Saint Teresa of Calcutta
The luminous missionary known as Mother Teresa was born Agnes Gonxha Bojaxhiu on August 26th, 1910 in Skopje, Macedonia. The youngest of Nikola and Dranafile Bojaxhiu’s three children, Agnes was of Albanian heritage and only eight years old when her father, a local businessman, suddenly passed away. Her mother, a very devout and religious woman, raised Agnes to possess a strong faith, and after becoming very involved in her parish youth group and interested in missionary work, she left home to become a Catholic missionary nun at the age of 18. She joined the Sisters of Loreto, an Irish order known for their missionary work in India. She was admitted as a postulant and was given the name Sister Mary Teresa, after Saint Thérèse of Lisieux.
Teresa was sent by her order to India, and arrived in Calcutta, located on the Eastern side of the country near Bangladesh, in 1929 to teach geography and catechism at St. Mary’s School for girls. She made her final profession to join the Loreto order on May 24, 1937, becoming what she called the “spouse of Jesus” for “all eternity” and was henceforth called Mother Teresa. She continued to teach at St. Mary’s and in 1944, was made the principal of the school.

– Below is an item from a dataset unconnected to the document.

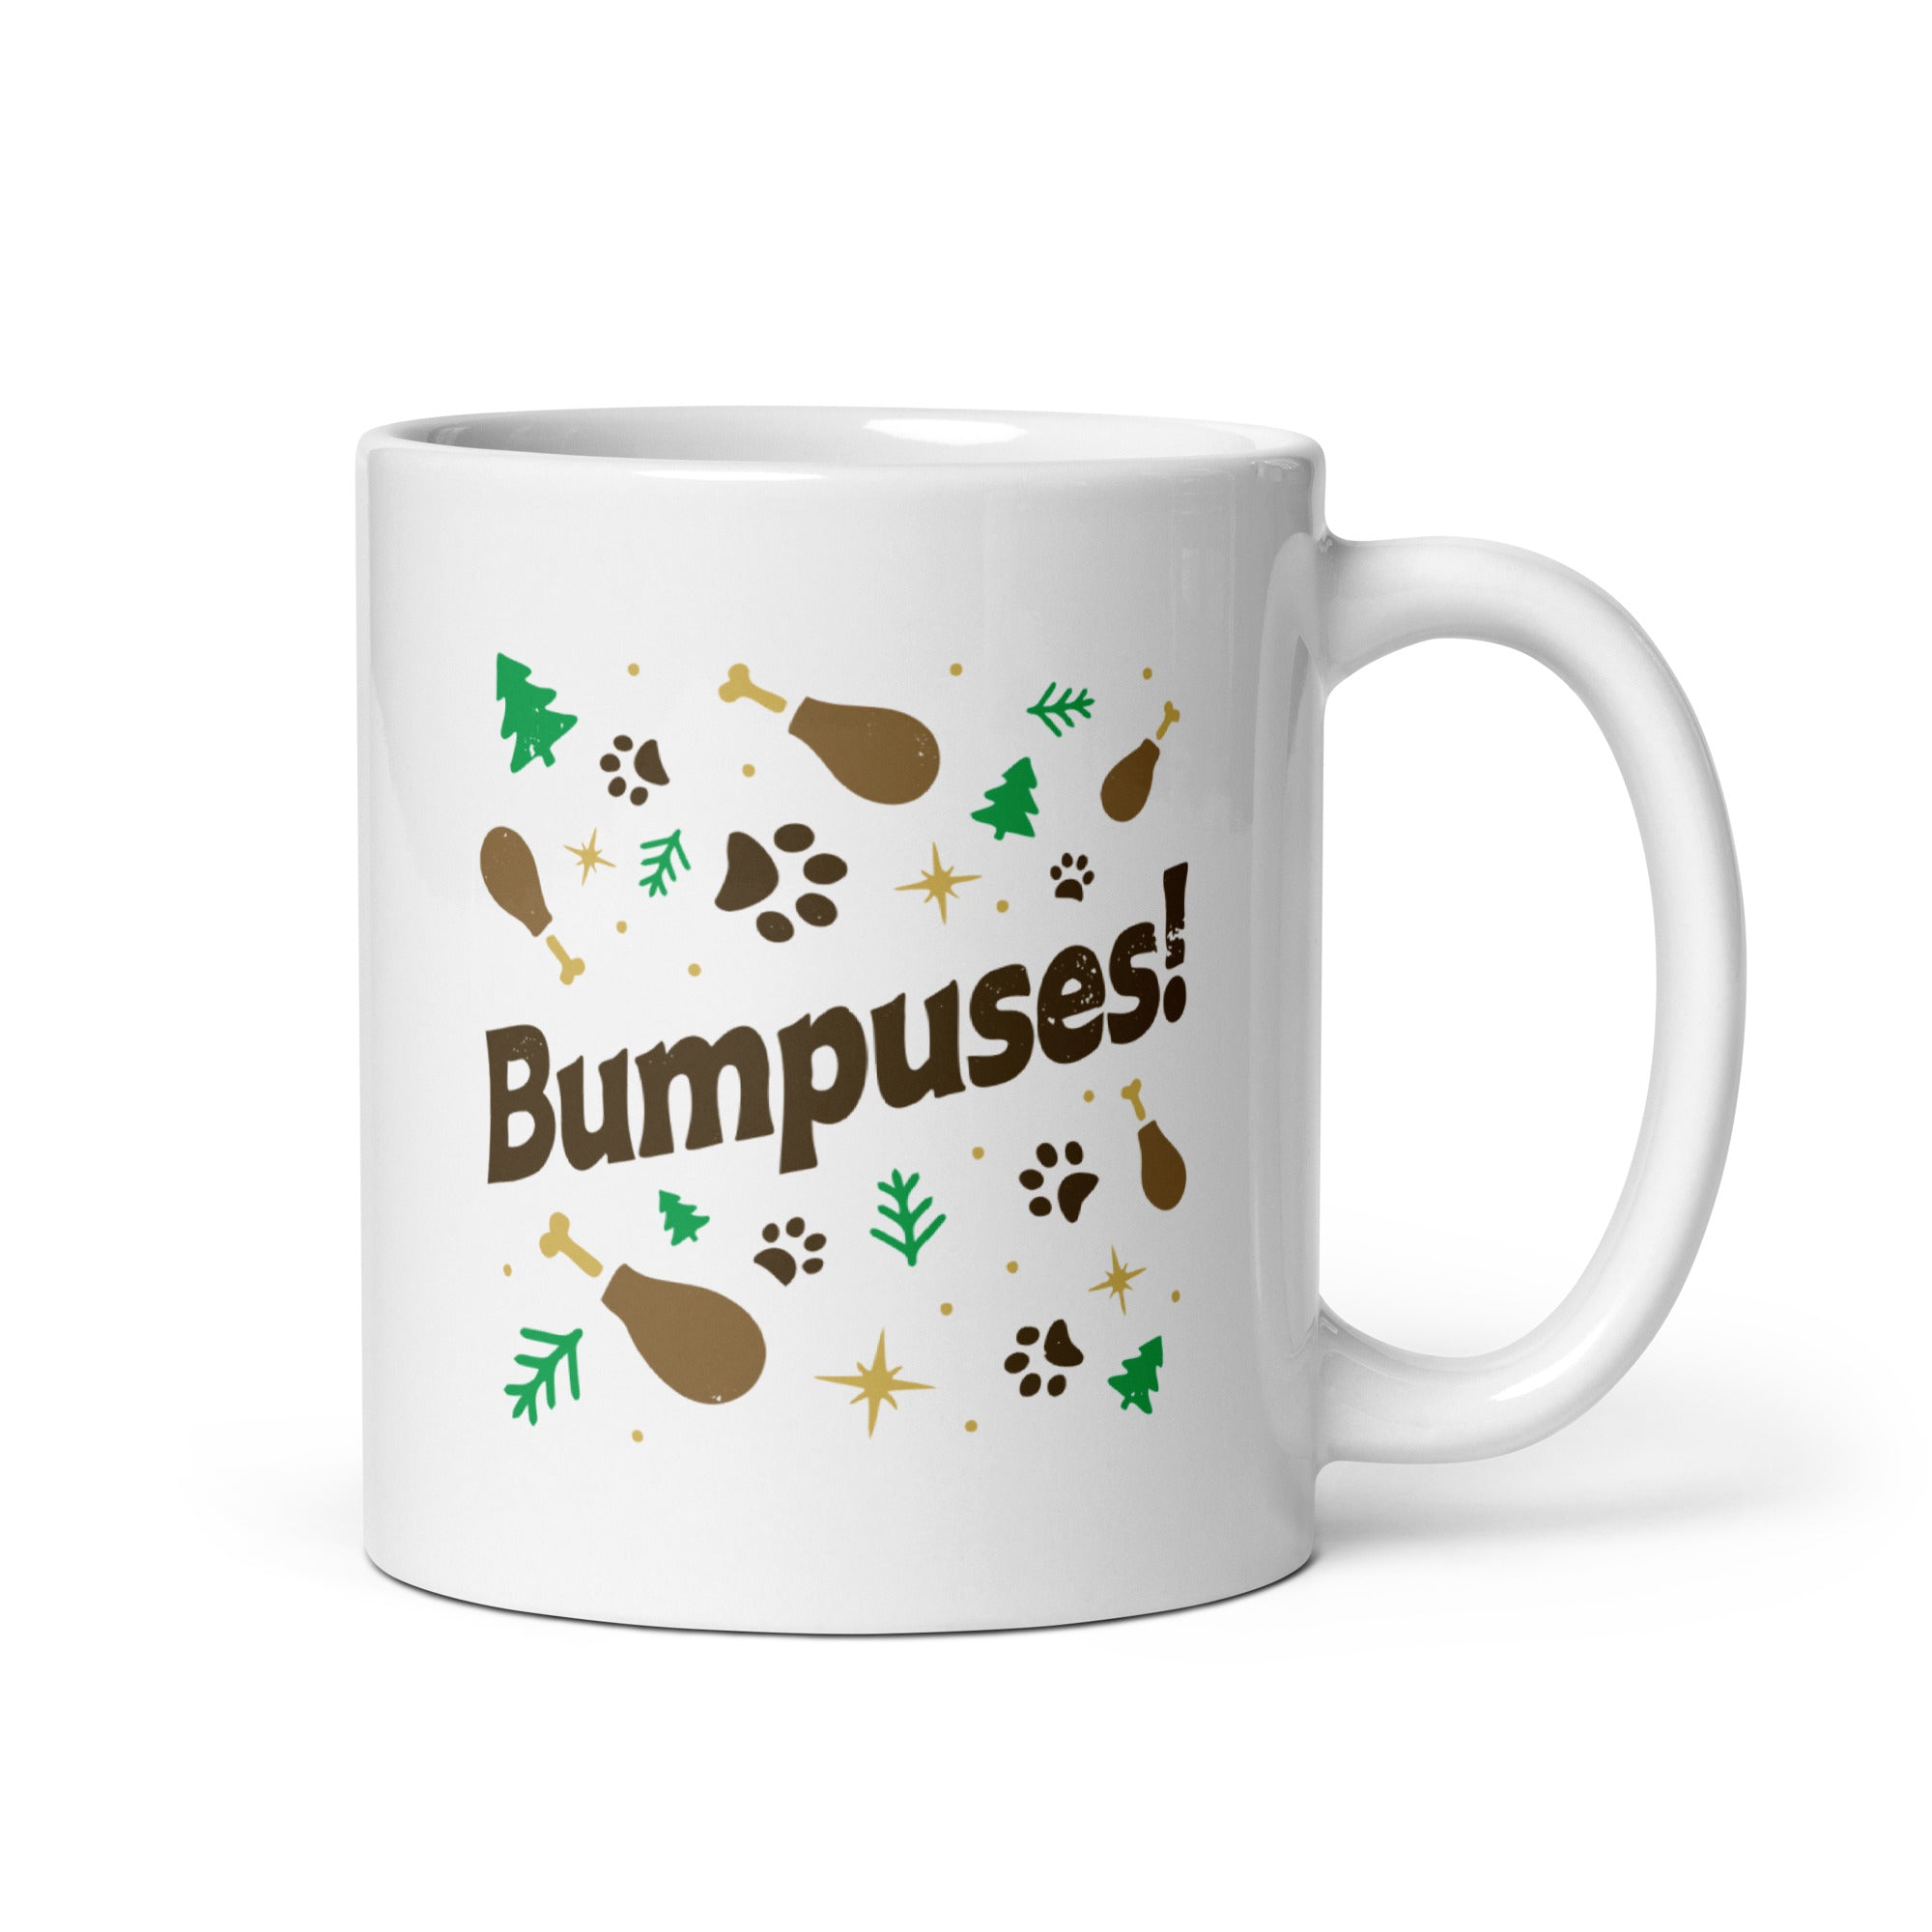 Bumpuses! - 11oz Coffee Mug

On September 10th, 1946, Mother Teresa was riding a train from Calcutta to Darjeeling for her annual retreat, when she received what she termed the “call within a call,” where Jesus’ thirst for souls took over her heart. Her desire to satiate that thirst and spread His love would become the motivating force in her life, driving her to establish the Missionaries of Charity, a religious community dedicated to “labouring at the salvation and sanctification of the poorest of the poor.” After nearly two years of planning and discernment, Mother Teresa received permission to begin, and on August 17, 1948, she dressed for the first time in her iconic white, blue-bordered sari, to leave the Loreto convent and enter the world of the poor.
She cared for the elderly, nursed the dying, washed the sick and desired to find Jesus in “the unwanted, the unloved and the uncared for.” After many months, former students from her time teaching began to join her, and on October 7, 1950, the Missionaries of Charity was officially established as a religious order in the Archdiocese of Calcutta. Through Mother Teresa’s hard work in the 1950’s, and Pope Paul VI granting them the Decree of Praise (an official measure from the Holy See which elevated their order to the recognition of pontifical right) in 1965, the Missionaries of Charity began opening houses in Venezuela, Rome, Tanzania, and even in Communist countries such as the former Soviet Union, Albania and Cuba.
Throughout all of the rapid growth, Mother Teresa remained rooted in the Lord, bearing witness to the joy of loving and respecting the dignity of every human person, while doing little things with great love. She persevered through what she called the “painful night” of her soul, where she experienced a deep, abiding feeling of being separated from God, starting around the time she began working for the poor, and leading up to the end of her life.
Despite this “darkness” and her deteriorating health, she never wavered, and by 1997, there were more than 4,000 Missionaries of Charity in nearly 600 foundations across 123 different countries. She blessed her successor as Superior General for the Missionaries of Charity in March 1997, before returning to Calcutta to spend her final weeks, passing away on September 5th, 1997. She was granted the honor of a state funeral by the Government of India, and less than two years after her death, Pope John Paul II permitted the opening of her Cause of Canonization.
Mother Teresa was a radiant, loving servant of Christ, who ventured boldly out into the world to tirelessly reach the poor and serve the unwanted.